=== Your assignment ===
Required from the data below: the exact lines starting at the line containing "Graphic Design Services" and ending at the line containing "Washington Nationals pitcher", with both ends kept and all pictures dropped.
---------- Material supplied ----------
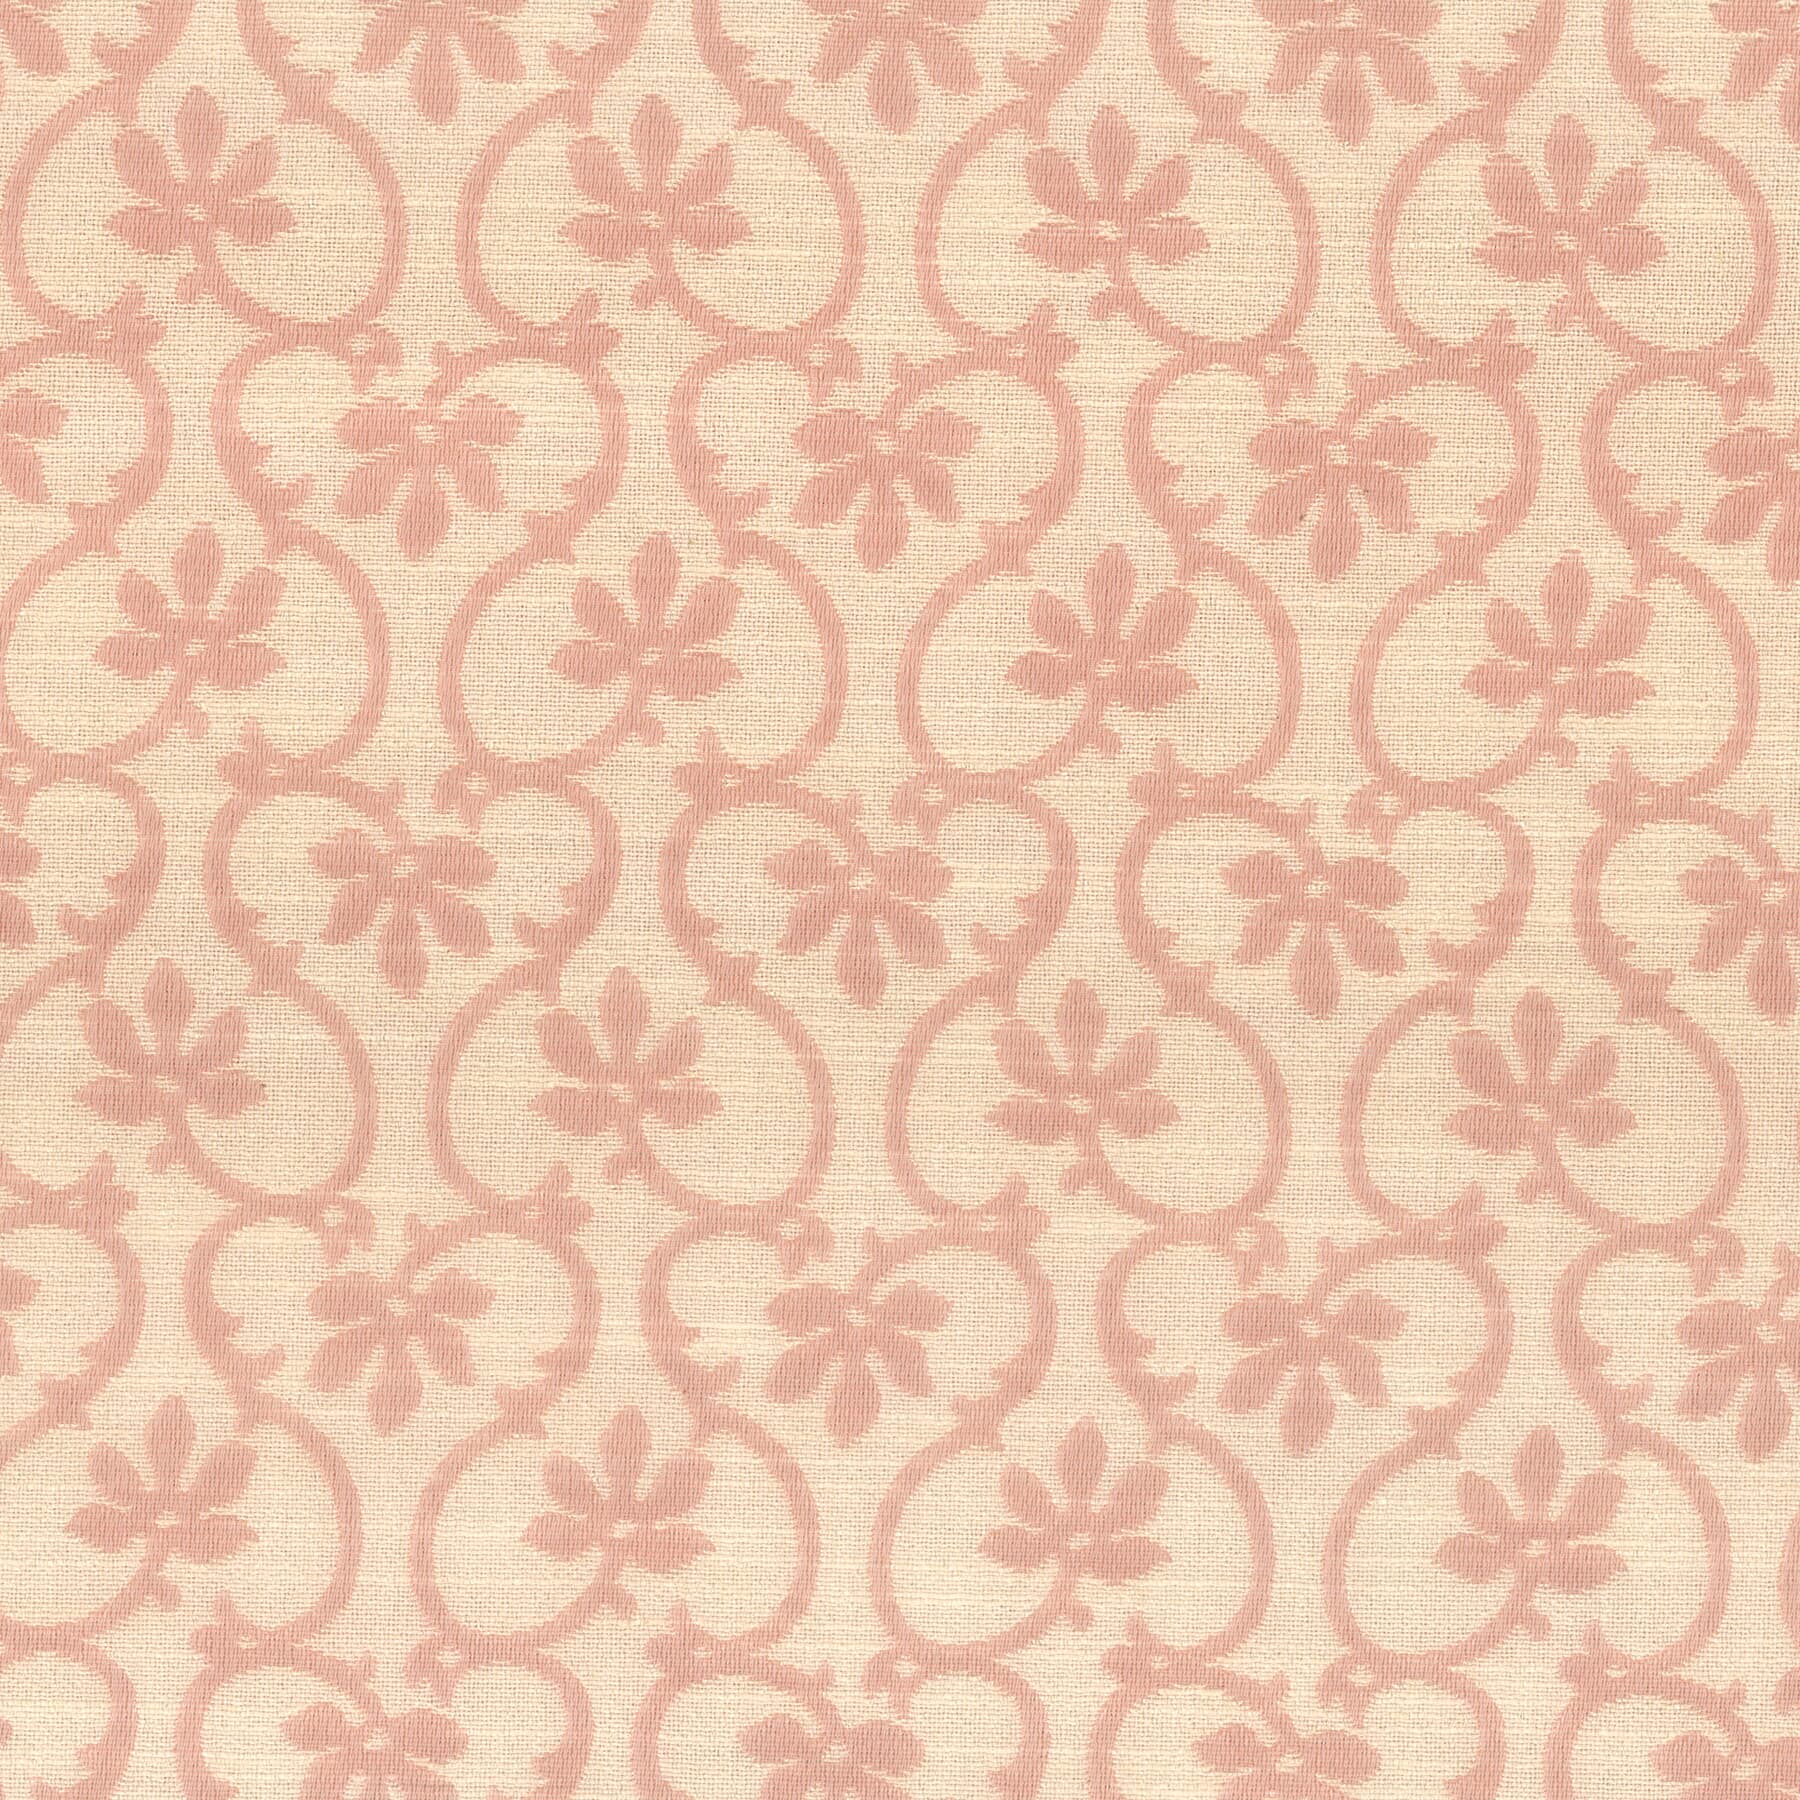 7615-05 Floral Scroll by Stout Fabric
----------
---------- Material supplied ----------
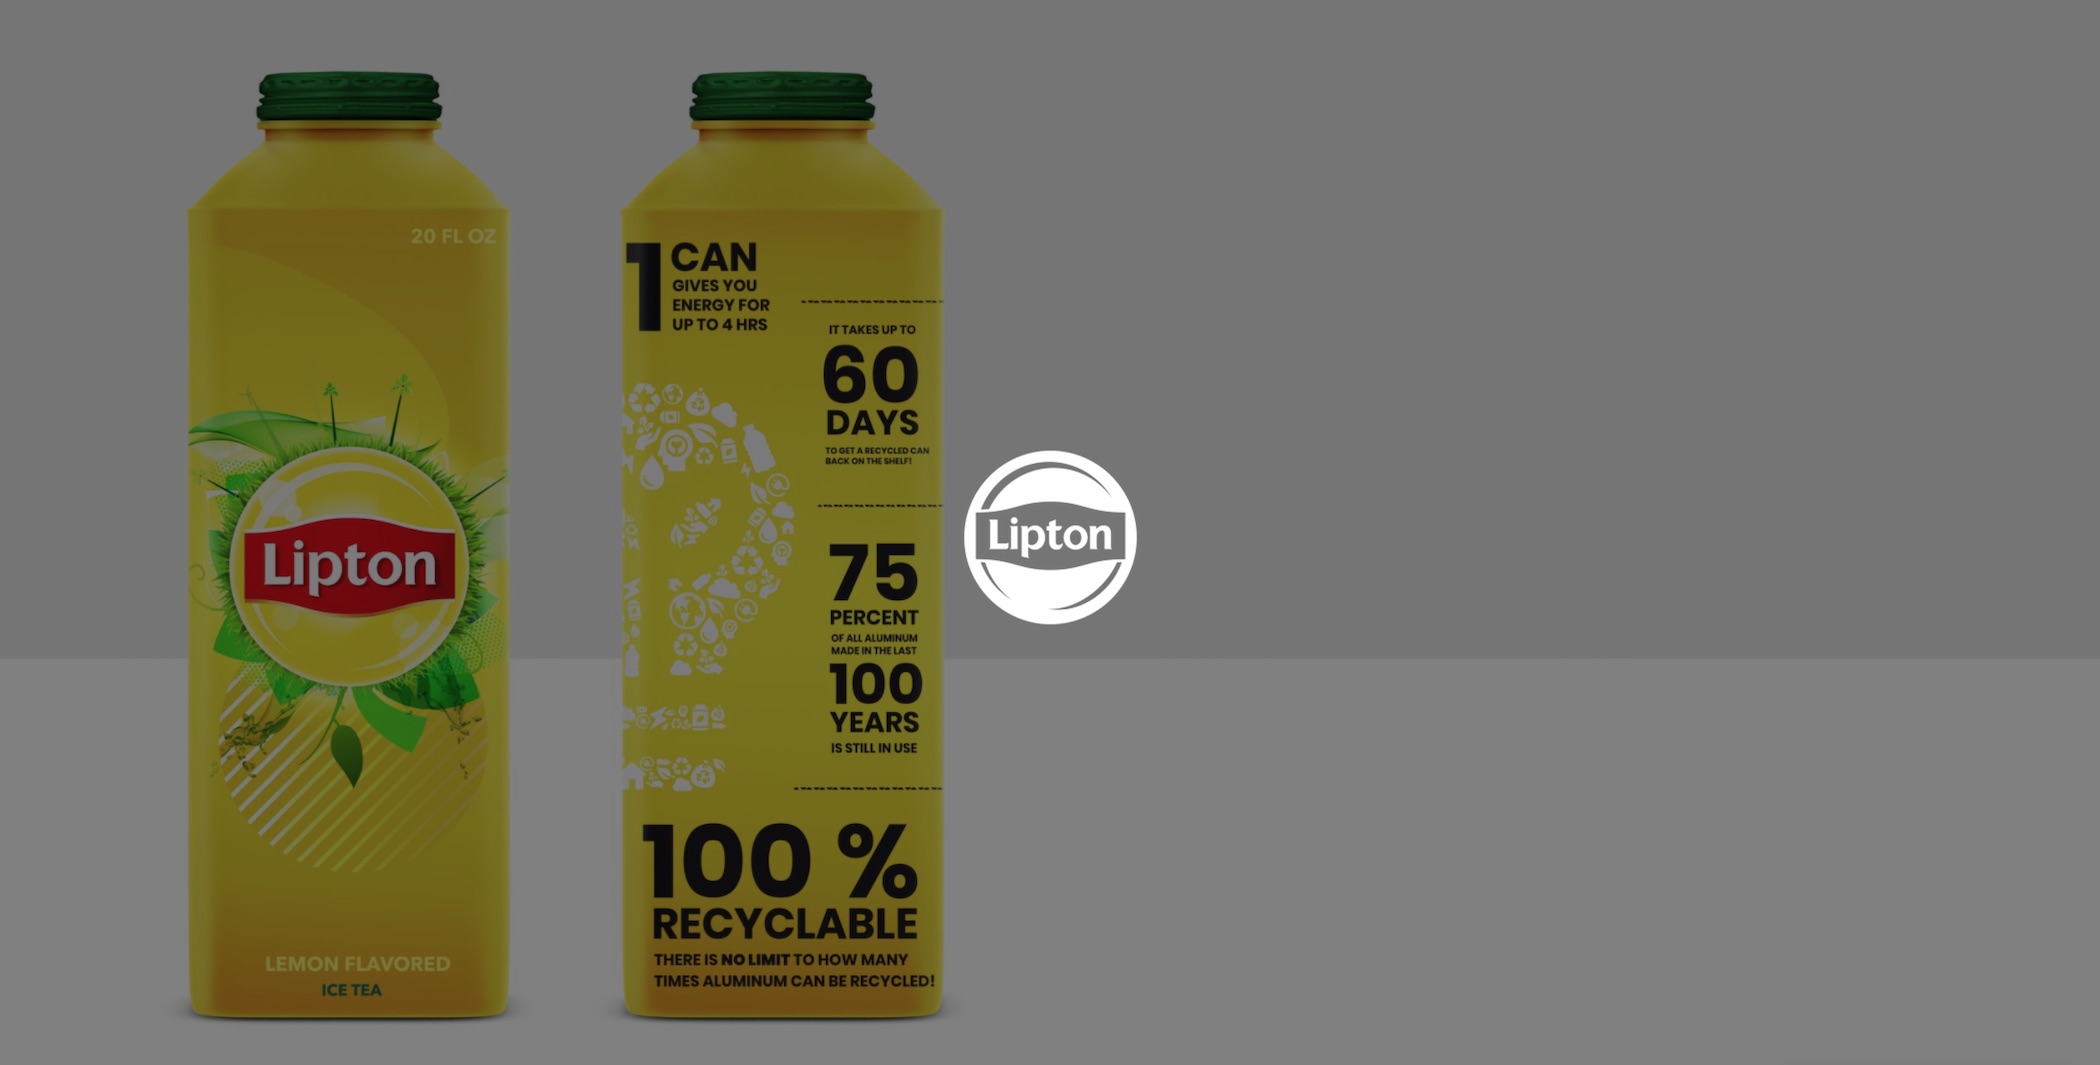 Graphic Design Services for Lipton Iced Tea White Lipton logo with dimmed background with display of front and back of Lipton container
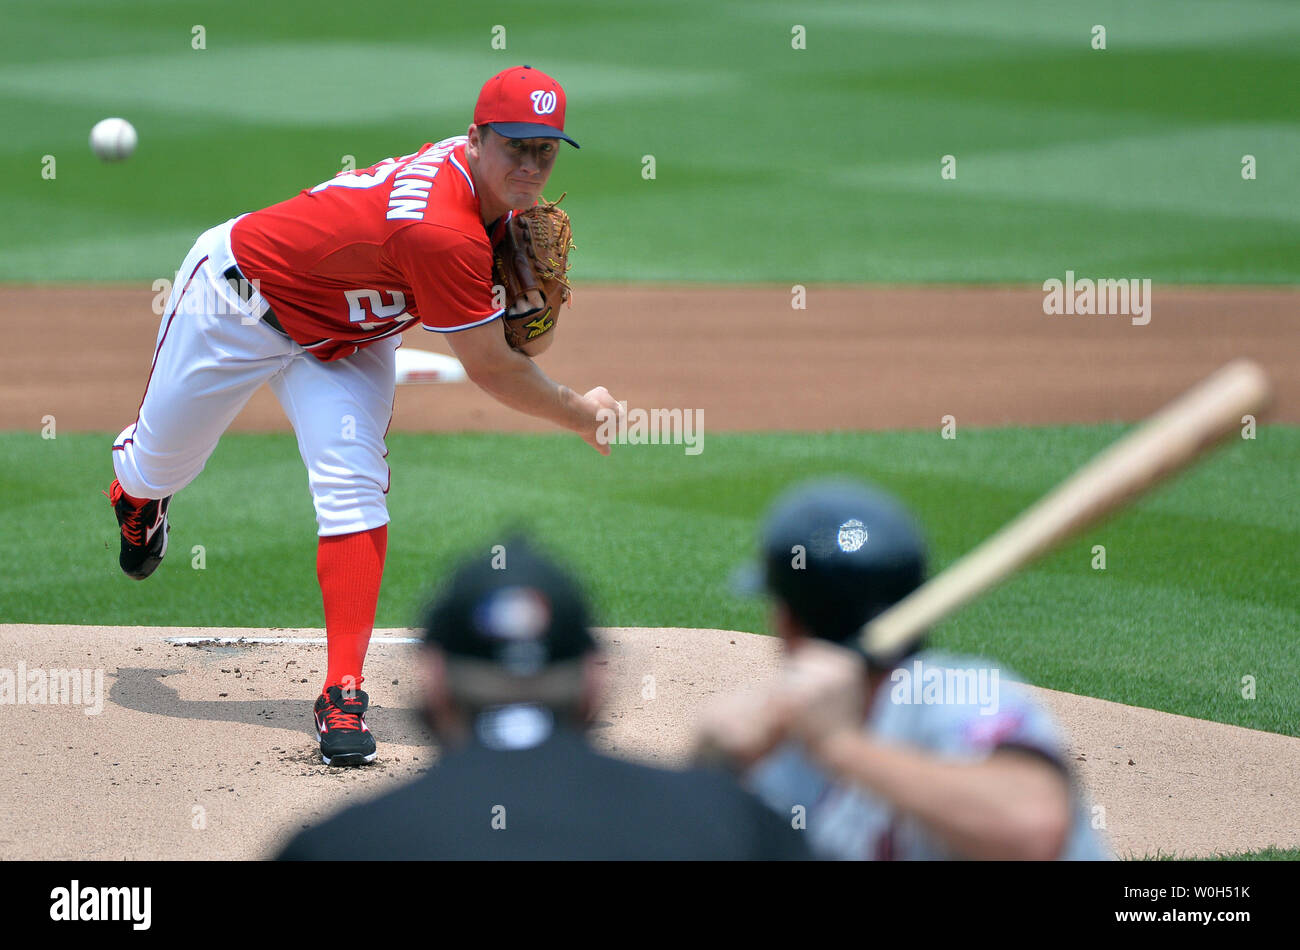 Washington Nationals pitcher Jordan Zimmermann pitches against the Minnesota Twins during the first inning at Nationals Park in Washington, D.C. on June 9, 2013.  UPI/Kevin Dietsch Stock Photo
----------
---------- Material supplied ----------
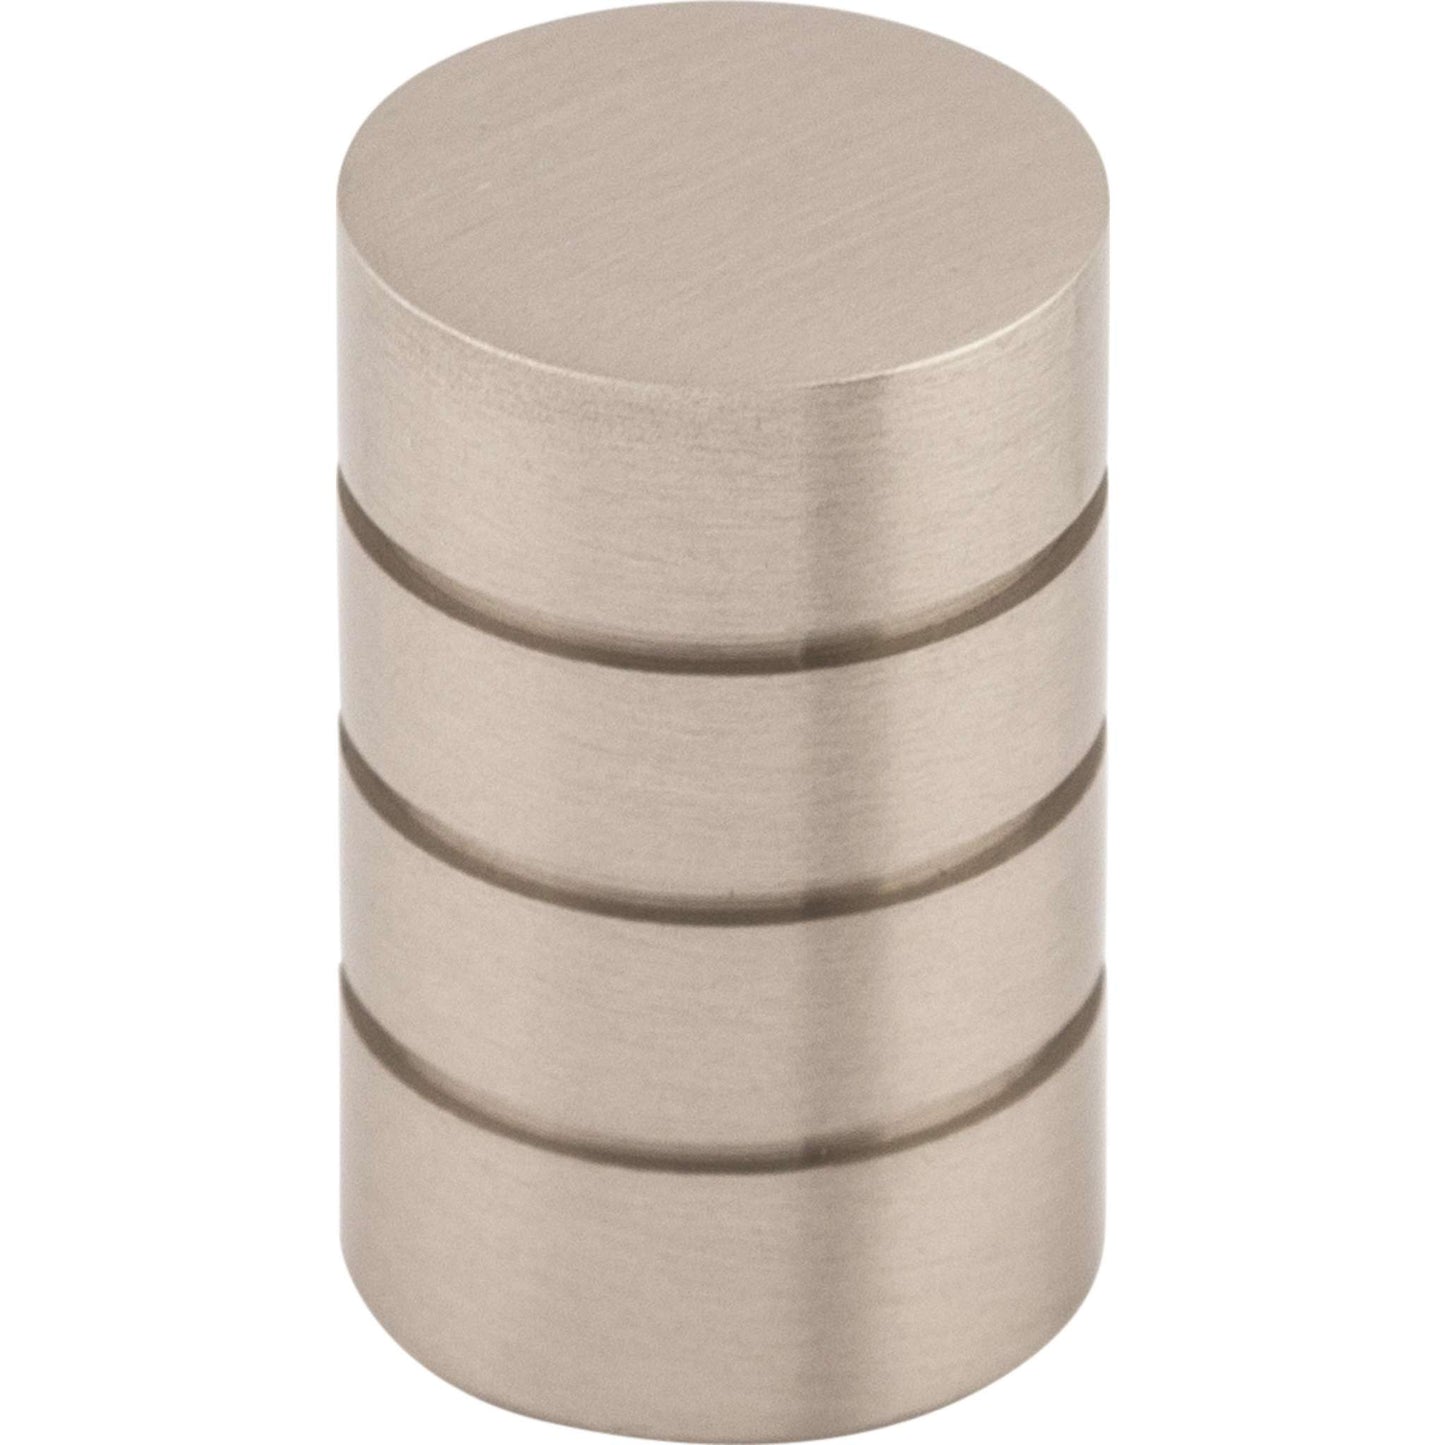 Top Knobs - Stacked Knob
----------
=== Answer box ===
 Graphic Design Services for Lipton Iced Tea White Lipton logo with dimmed background with display of front and back of Lipton container
 Washington Nationals pitcher Jordan Zimmermann pitches against the Minnesota Twins during the first inning at Nationals Park in Washington, D.C. on June 9, 2013.  UPI/Kevin Dietsch Stock Photo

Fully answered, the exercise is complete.